El valenciano afincado en Cataluña de 87 años, embajador de la poesía, acaba de iniciar en Madrid su gira internacional llenando el Teatro Coliseum

Paco Ibáñez, vuelve el trovador de leyenda: "Intento que mis canciones se puedan cantar el siglo que viene"

/ Paco Ibáñez.
El cantante Paco Ibáñez ha llenado el Teatro Coliseum de Madrid con su concierto “Nos queda la palabra”. Sus canciones de siempre han sido coreadas por un público entregado y emocionado por el embajador de la poesía en el mundo, más cercano que nunca. Elcierredigital.com habla con el artista valenciano de 87 años, que acaba de iniciar en Madrid su gira internacional con “una propuesta de amor y dignidad con el que reivindica el humanismo frente a la barbarie del siglo XXI”.

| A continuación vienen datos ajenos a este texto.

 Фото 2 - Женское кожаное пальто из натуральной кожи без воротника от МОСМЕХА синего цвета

Embajador de la poesía en el  mundo, en su primer álbum 'Lorca y Góngora' editado en 1964 e ilustrado por Salvador Dalí, recopiló poemas de ambos poetas. Cuando vino a cantar a España – por primera vez– tenía 33 años. Lo hizo en TVE y cantó su versión del poema de Miguel Hernández Andaluces de Jaén. Dos años después, lanzó su A galopar de Rafael Alberti.

Hijo de un ebanista valenciano y de madre vasca, Francisco Ibáñez Gorostidi, el menor de cuatro hermanos, vio la luz en Valencia un mes de noviembre de hace ya 87 años ¡Quién lo diría! Elcierredigital.com ha hablado con él comprobando que su motivación pervive sin fisuras. Tanto, que acaba de iniciar en Madrid su gira internacional con “una propuesta de amor y dignidad con el que reivindica el humanismo frente a la barbarie del siglo XXI”.

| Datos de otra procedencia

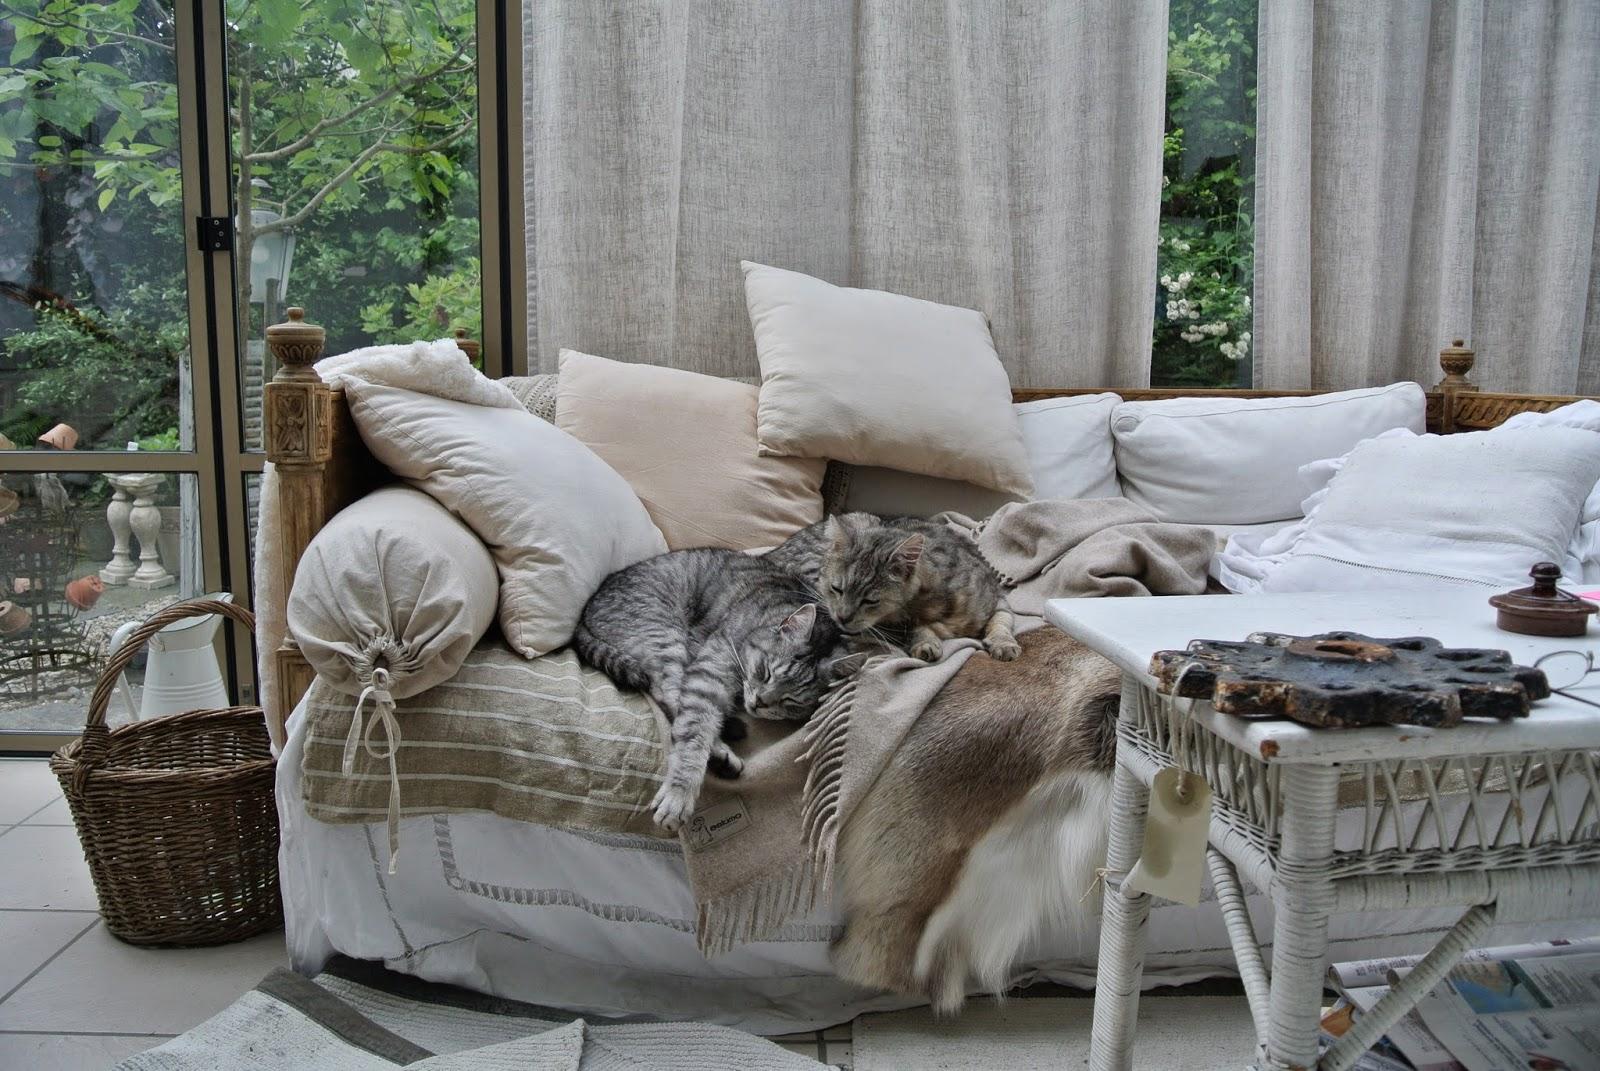 mehrkuriosa fr hjahrs m digkeit und neuer haupt job. Black Bedroom Furniture Sets. Home Design Ideas

Ha cumplido en noviembre 87 años…

– Pues no lo sé… A lo mejor ya no los cuento.

Como buen Escorpio, ¿es usted apasionado y explosivo?

– No lo sé… Esas son historias que cuentan. Algunos Escorpio explotarán, otros no. No soy muy creyente de todo eso. Por supuesto a veces me sublevo, sobre todo ante las injusticias…

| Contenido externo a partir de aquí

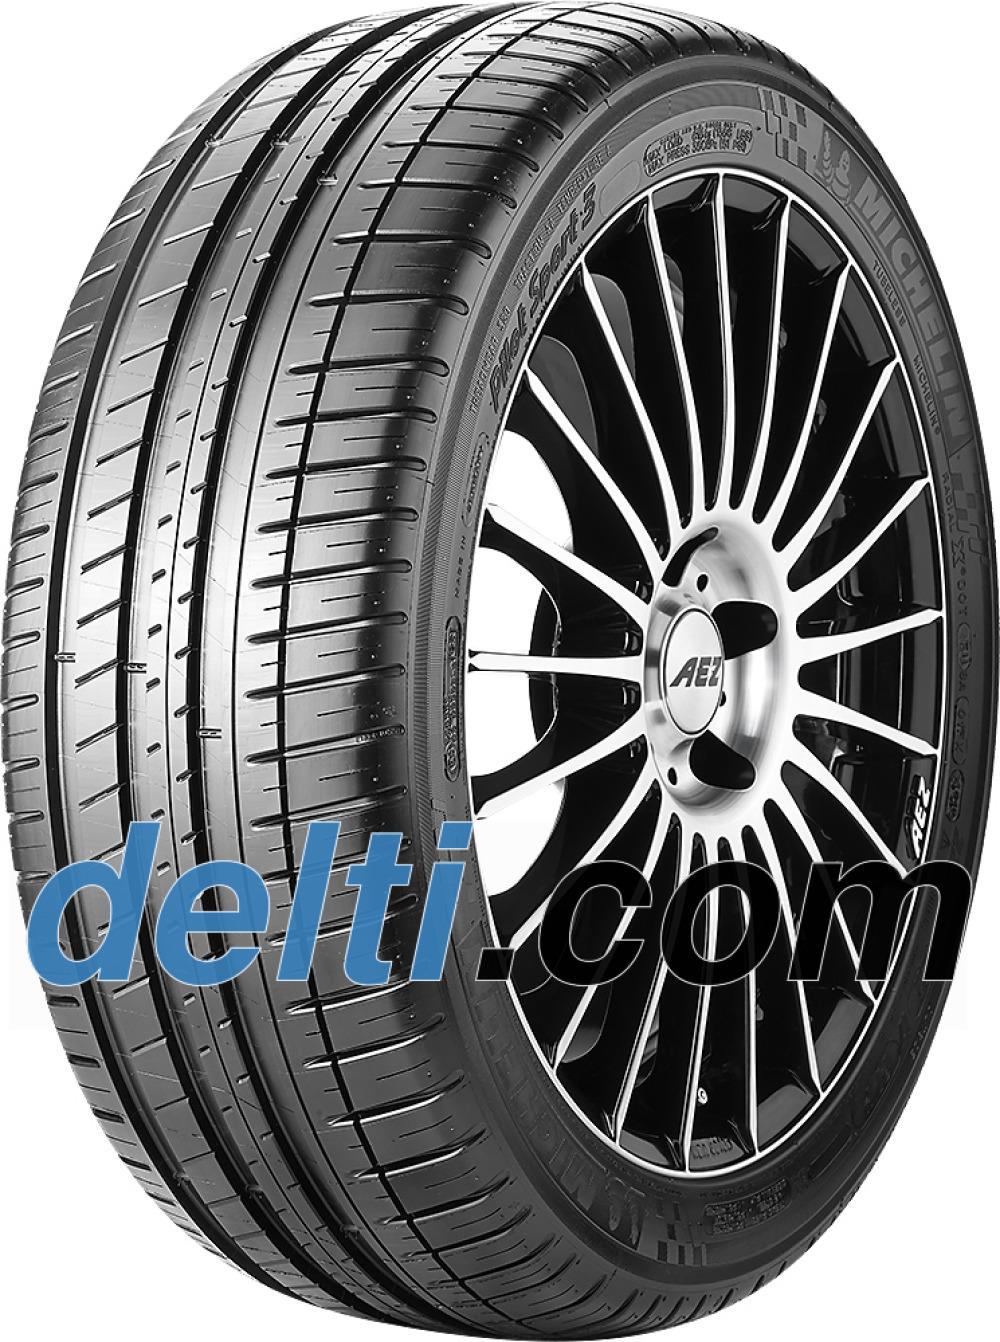 Michelin Pilot Sport 3 ( 245/40 ZR18 97Y XL AO, GRNX, avec rebord protecteur de jante (FSL) )

Hábleme de Brassens, “su maestro”.

– Con Brassens ocurrió una cosa rara… Cuando llegué a Paris en el 52 oía en todas las radios, en los bares, por todas partes, a un tipo que cantaba una cosa rara para mí: “gare au gorille”. Yo venía de la canción de Jorge Negrete, de Luis Mariano, muy conocido en aquella época, venía en definitiva de canciones románticas y aquel “gare au gorille” me sorprendía. Entonces tuve la gran suerte, de conocer a Pierre Pascal, profesor francés que enseñaba castellano, que me dijo que había traducido canciones de Brassens. Me las cantó y me las enseñó. Entonces fue cuando descubrí la capital del mundo de la canción. Porque Georges Brassens para mí es eso, es la capital del mundo de la canción.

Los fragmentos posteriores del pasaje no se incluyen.